GIVEN RECORDS:
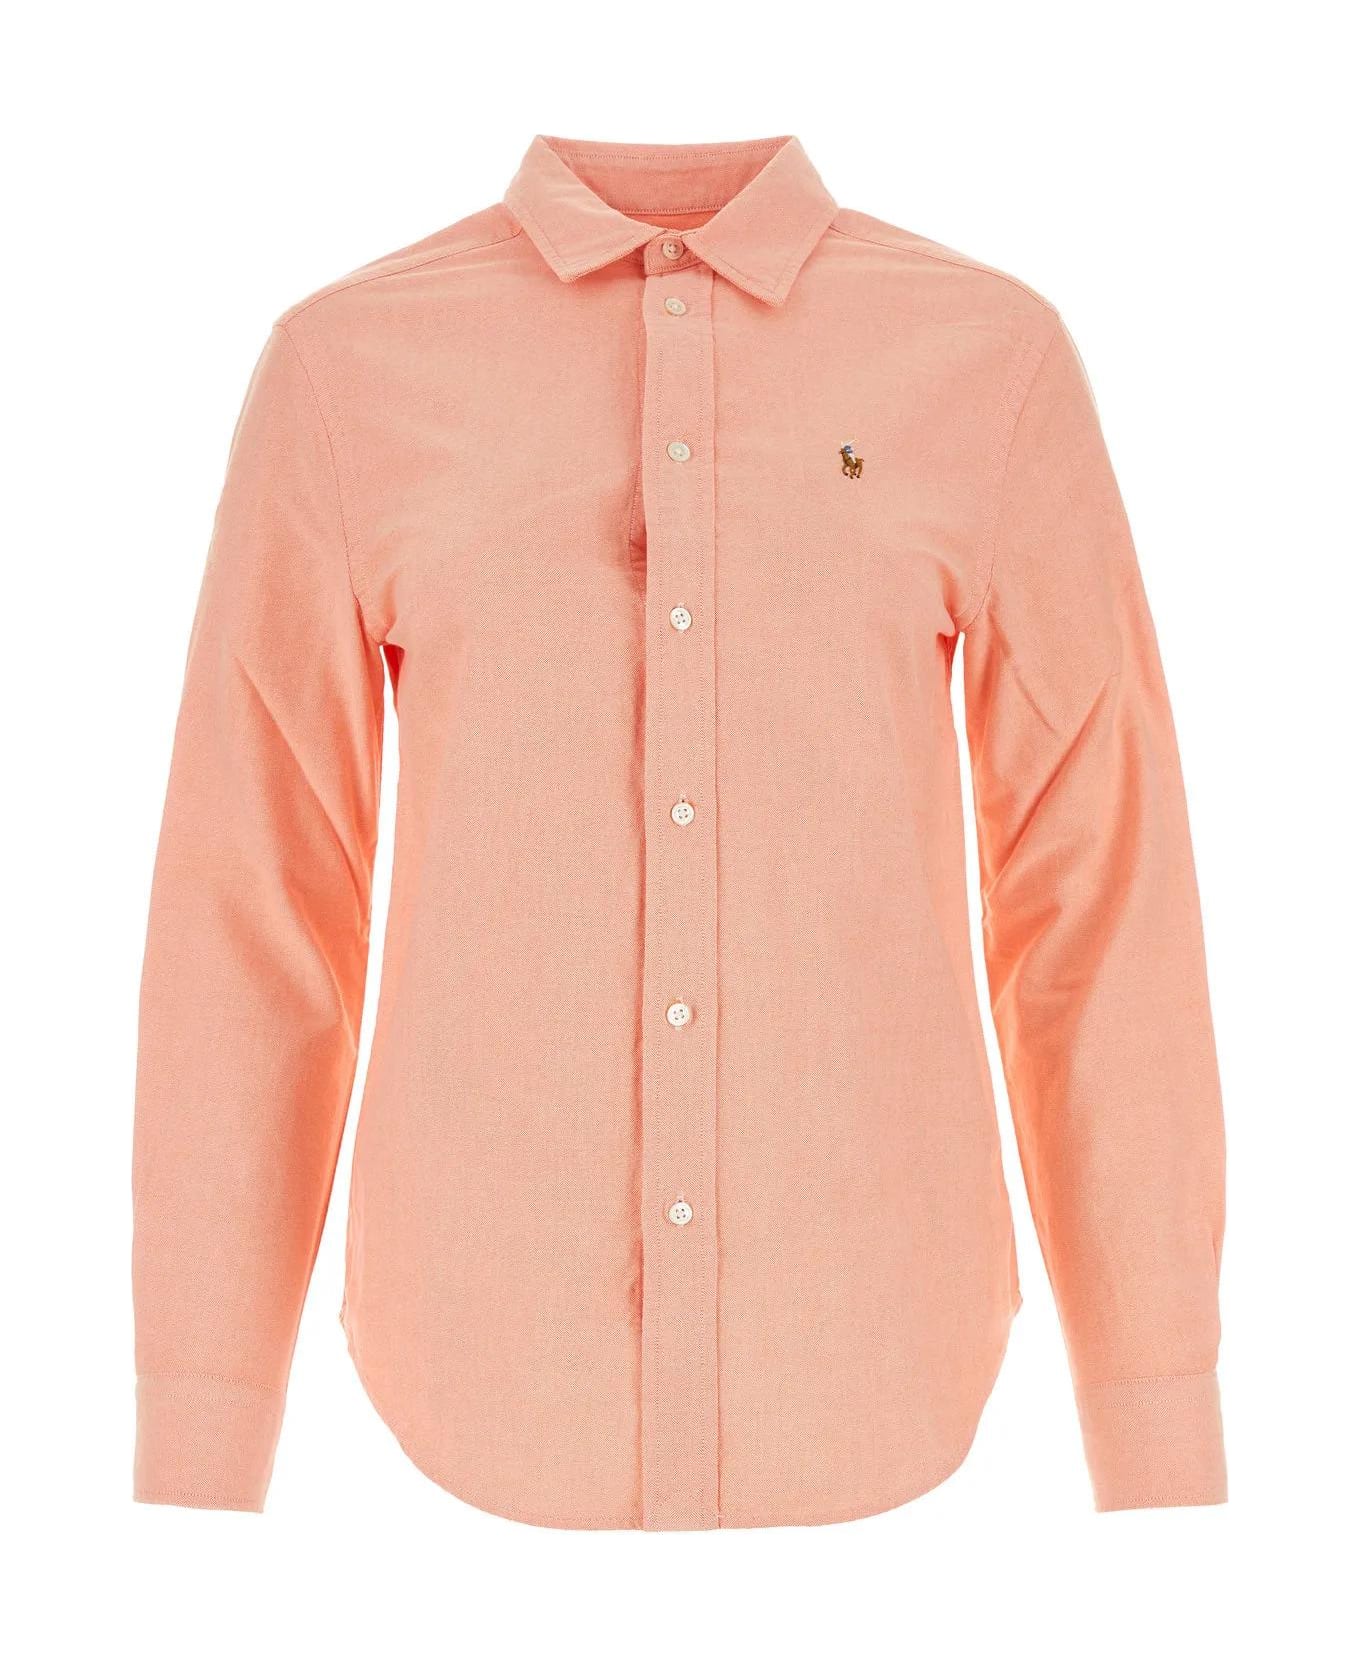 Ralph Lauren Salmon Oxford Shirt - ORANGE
...
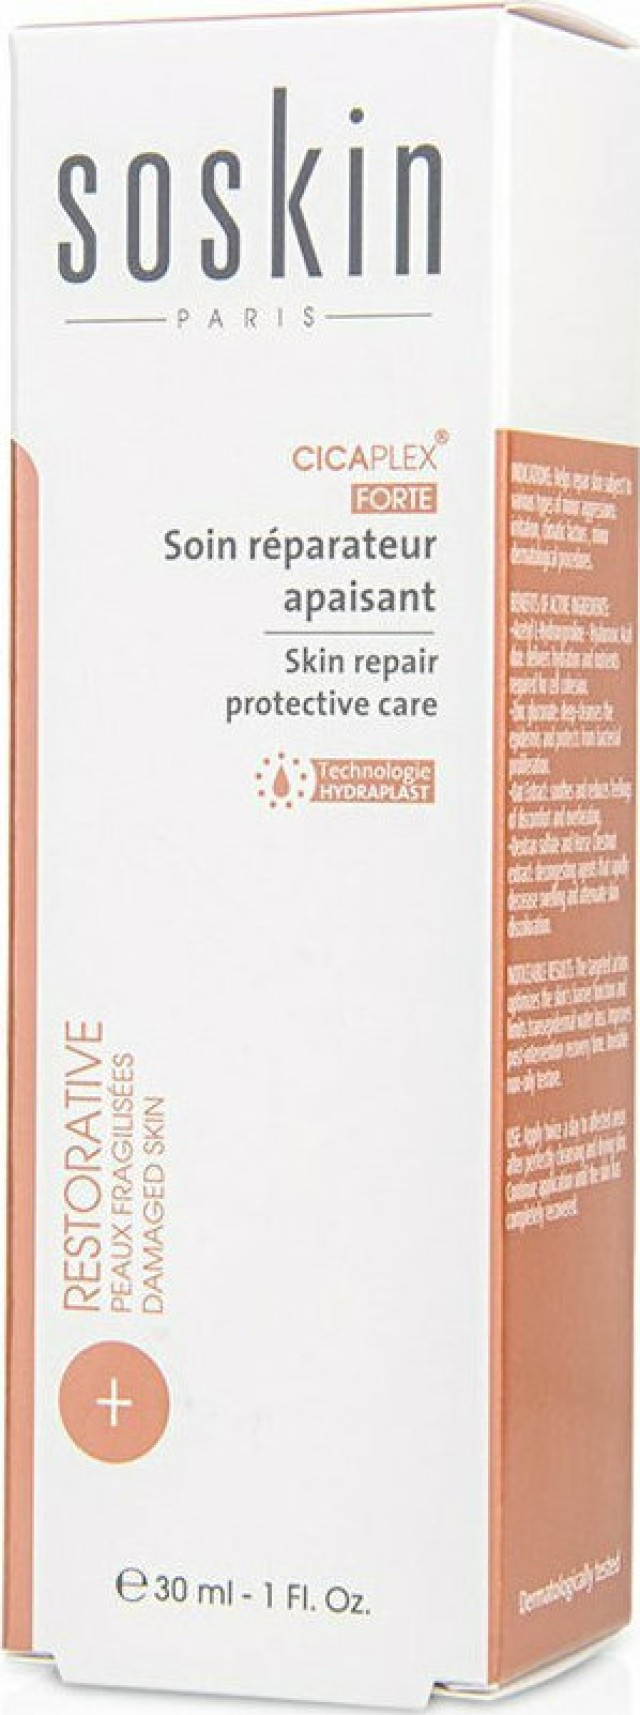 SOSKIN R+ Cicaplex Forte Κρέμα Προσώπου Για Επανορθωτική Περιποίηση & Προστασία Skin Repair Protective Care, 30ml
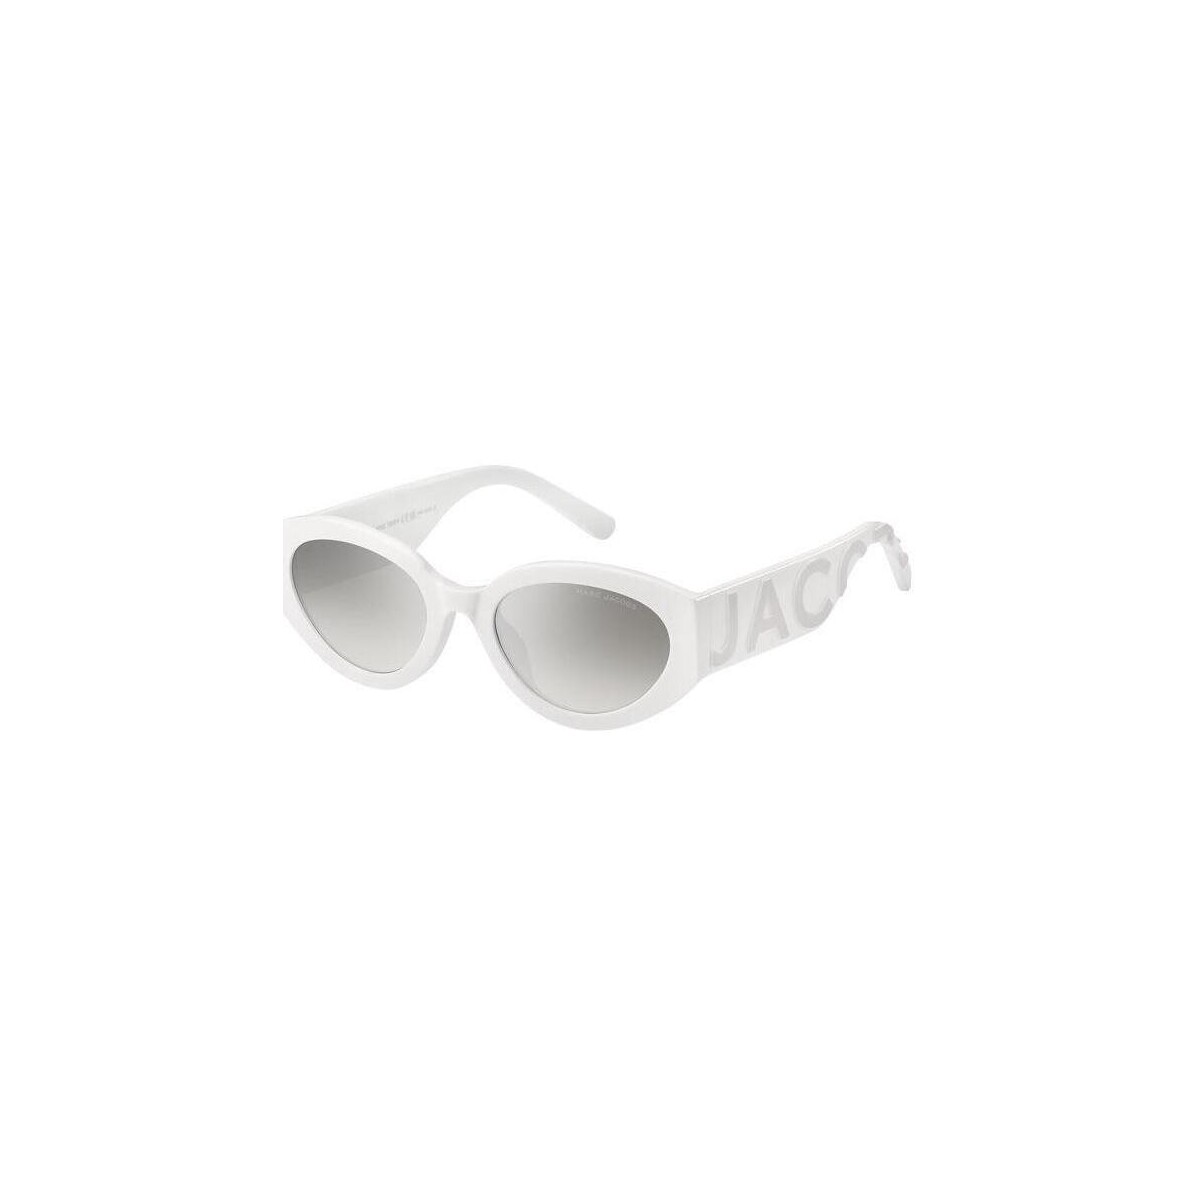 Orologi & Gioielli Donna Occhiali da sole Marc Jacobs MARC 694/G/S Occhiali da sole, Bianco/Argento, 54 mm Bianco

WHAT YOU ARE ASKED TO DO: Starting at the line above that holds "SOSKIN R+ Cicaplex", repeat every line exactly down to and including the line that holds "Orologi & Gioielli", then stop. Do not carry over any pictures.

ANSWER BELOW:
 SOSKIN R+ Cicaplex Forte Κρέμα Προσώπου Για Επανορθωτική Περιποίηση & Προστασία Skin Repair Protective Care, 30ml
 Orologi & Gioielli Donna Occhiali da sole Marc Jacobs MARC 694/G/S Occhiali da sole, Bianco/Argento, 54 mm Bianco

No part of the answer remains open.